JEJAK RINDU

548 78 13
                                    


Setelah kami lulus SMA aku tak mampu mengendus jejaknya. Sama sekali. Pintar nian dia melipat bayangan. Bahkan hingga 17 tahun kemudian dimana smartphone bak raja diraja yang bisa memata-matai tiap orang. Sosok semampai dengan rambut ekor kuda dan jepitan kiri kanan itu pergi begitu saja hanya berjarak 1 x 24 jam pasca malam perpisahan.
Sialnya malam itu aku gagal menyampaikan misi hati.

Penyesalan itu ternyata menyedihkan karena membuat hidupku kaku dan mati rasa hingga lima tahun lamanya sampai Mama mengeluarkan ultimatum.

"Nikahi Ayudia atau kamu tega membuat arwah Mama penasaran di alam baka," katanya setengah mengancam.

Ia tahu anaknya ini tak bakalan berkutik jika "diteror" oleh nya. Sosok yang bagiku segalanya setelah semuanya terjadi.

Sebagai anak yang dikenal berbakti oleh adik-adiku, aku akhirnya memilih menerima tawaran Mama. Paling tidak meski di awal tidak menyenangkan bagiku tapi aku sudah mampu menyenangkannya. That's point. Aku memang seperti tak memiliki diriku sendiri sejak semua terjadi dan sejak Rindang pergi.

Kunikahi Ayudia, gadis cekatan dengan tutur lembut, seorang terapis syaraf yang setia merawatnya seminggu tiga kali hingga ajal terpaksa menjemput justru saat Mama nampak gembira melihatku duduk di pelaminan bak seorang pangeran.

***

Seharusnya gadis itu peka. Tiga tahun selalu sekelas dengan aktivitas yang nyaris senantiasa bareng dia hapal gelagatku. Seharusnya. Apalagi setengah tahun terakhir itu aku kerap menjadikannya "penampungan". Tentang cerita keluargaku yang kelam dan tengah dirundung masalah.
Mama shocked karena memergoki Papa bersama perempuan lain berkali-kali. Buntutnya beliau sakit-sakitan apalagi setelah mereka berpisah. Papa lebih memilih perempuan itu.

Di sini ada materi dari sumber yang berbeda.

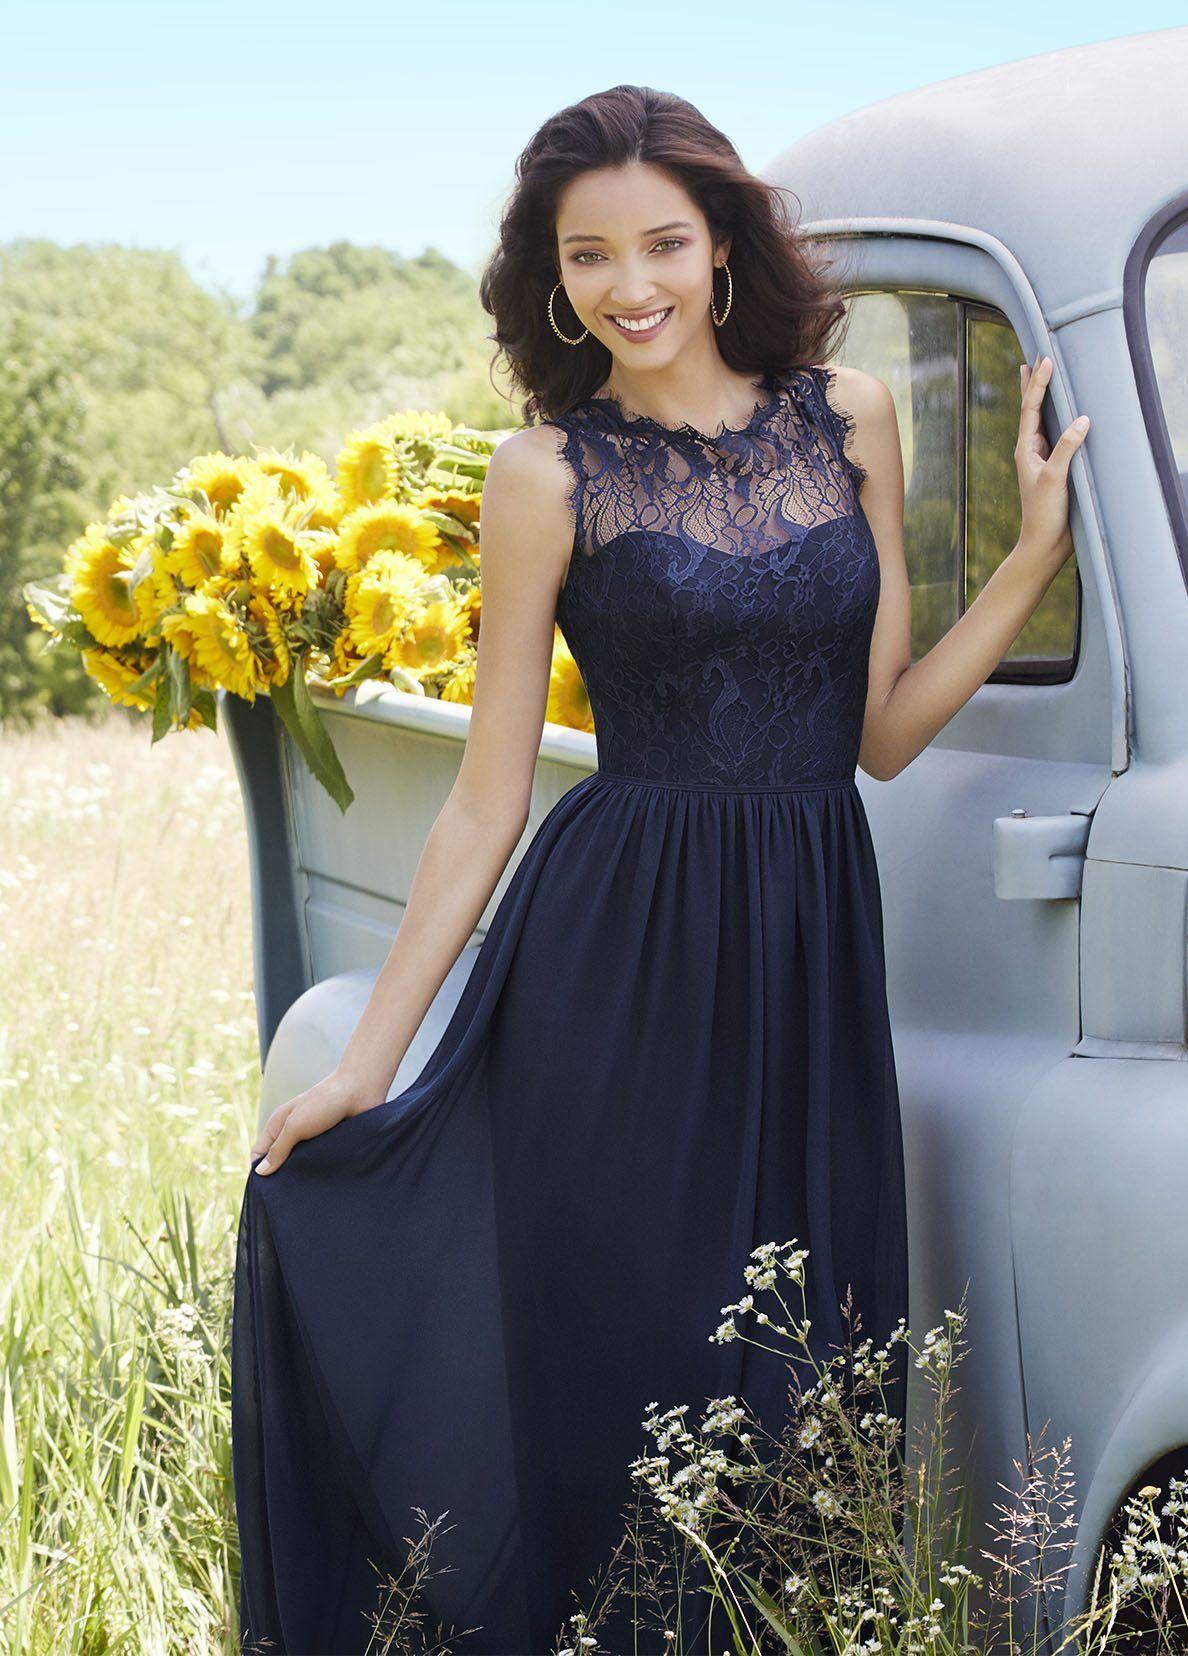 Indigo chiffon aline bridesmaid gown navy lace bateau neckline

Aku sangat murka, hingga tak sudi menatap wajah yang teramat dekat denganku di masa kecil itu. Sosok yang menyemangati ku selalu untuk berprestasi dan menjadi juara seketika menjadi yang paling kubenci. Sampai kabar kematian itu datang setelah anak keduaku lahir.

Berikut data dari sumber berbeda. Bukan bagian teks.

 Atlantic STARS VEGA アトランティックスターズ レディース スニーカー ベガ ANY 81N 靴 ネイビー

Kalau saja adik-adikku tak membujuk dengan segala jampi-jampi rayuan aku akan membiarkan berita itu seperti angin lalu. Seakan rasa sakit Mama masih tertampung utuh di tubuhku.

Hanya dia, gadis bernama Rindang itu satu-satunya orang yang tahu masalahku saat itu, kala masih berseragam abu-abu.

Aku bukan laki-laki comel yang gampang membuka buku. Buku catatan hidupku amat rapat kusimpan. Dia beruntung kuperbolehkan mengintip isinya.

Beruntung? Seharusnya. Sebab sosoknya berhasil menerobos begitu saja antrean gadis penyuka Adam Mahendra di sana di ruang-ruang kelas sekolah.

Rindang sosok biasa saja namun bagiku, tingkah cerdiknya lebih menarik dari rangkaian bilangan fibonacci penyusun piramida yang sering menjadi inspirasiku dalam permainan matematik.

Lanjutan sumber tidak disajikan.